One of the most interesting challenges facing the TRDP is convincing farmers to take up tea production. Although tea clearly thrives in the region, there is a 12-year waiting period between planting new bushes and the tea bush reaching full maturity. In communities that depend mostly on subsistence farming, a delay of this length isn’t feasible. To get around the problem, the TRDP has been experimenting with polycropping, which involves planting rows of tea plants between other crops. This ensures that farmers have another source of income while waiting for their tea plants to come to maturity and, as the other plants break down, puts much needed nutrients back into the soil.

The leading tea brands in Pakistan are Brooke Bond Supreme and Tapal Tea. Tapal is the first company in the country to be awarded ISO 9002 certification, the international symbol of the highest quality standards. In an attempt to guarantee regularity of supply from India, Tapal is collaborating with an Indian firm of undisclosed identity in the production and marketing of south Indian tea, tapping into a greater interest in quality tea products, the existing reputation of their brand and the expectations of Pakistan’s burgeoning new generation of consumers. Whereas much of Pakistan’s tea previously had been sold loose in the markets, supermarkets are on the rise and brand awareness is increasing; appealing packaging, familiar brands, and widespread advertising on television and billboards are beginning to have an impact.

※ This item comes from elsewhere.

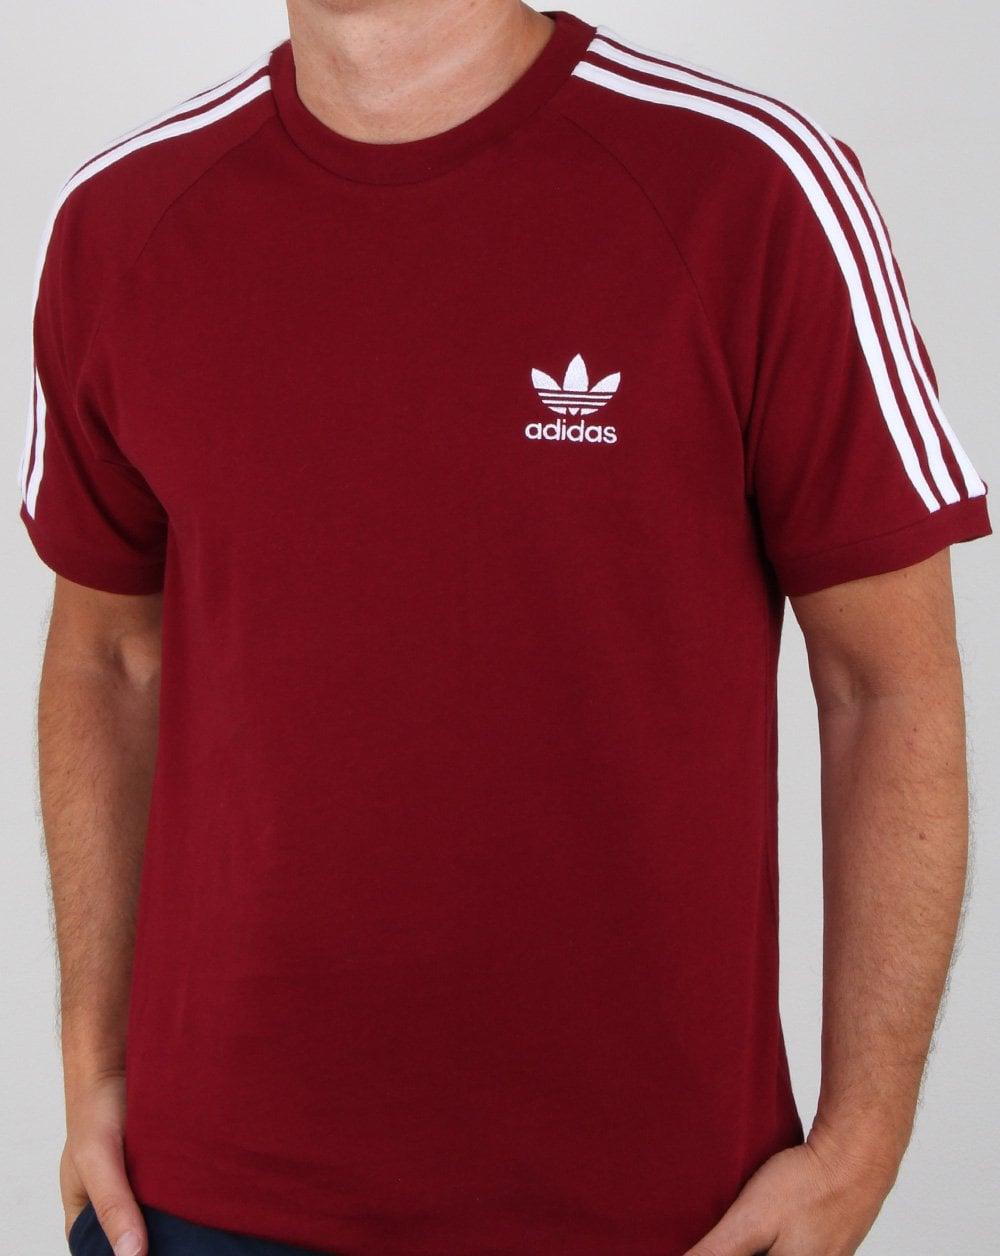 adidas 3 stripes shirt trace maroon

Pakistan has enjoyed an active tea- and coffeehouse culture for decades, and institutions such as the Pak Tea House in Lahore became infamous for the political debates and gatherings of literary figures that took place inside. However, condemned as old-fashioned by those in their 20s and 30s, many of the older tea shops have fallen into disrepair and lost the high-caliber clientele for which they were once known. The traditional teahouses may have taken with them a piece of Pakistani heritage, but the spaces they leave, both physical and functional, offer unrivaled opportunities to companies more in tune with the demands of modern society. Costa Coffee and the Indian chain Café Coffee Day have already made tentative steps into the Pakistani market, and others appear set to follow.

The long-term viability of tea production in Pakistan will inevitably depend on its security situation; both Baluchistan and the North-West Frontier Province in which Mansehra falls have experienced ongoing instability as a side effect of the conflict in Afghanistan. However, a large population in need of sustainable employment, plentiful land suitable for tea cultivation, and a large domestic market that increasingly demands regular, cheap supplies of a consistent-quality product gives the fledgling Pakistani tea industry a reasonable chance of success. Providing that government interest and investment in the industry can be maintained over the next decade, we may all soon think nothing of blending Baluchi or Mansehran teas with those from Darjeeling or Assam to create a truly subcontinental blend.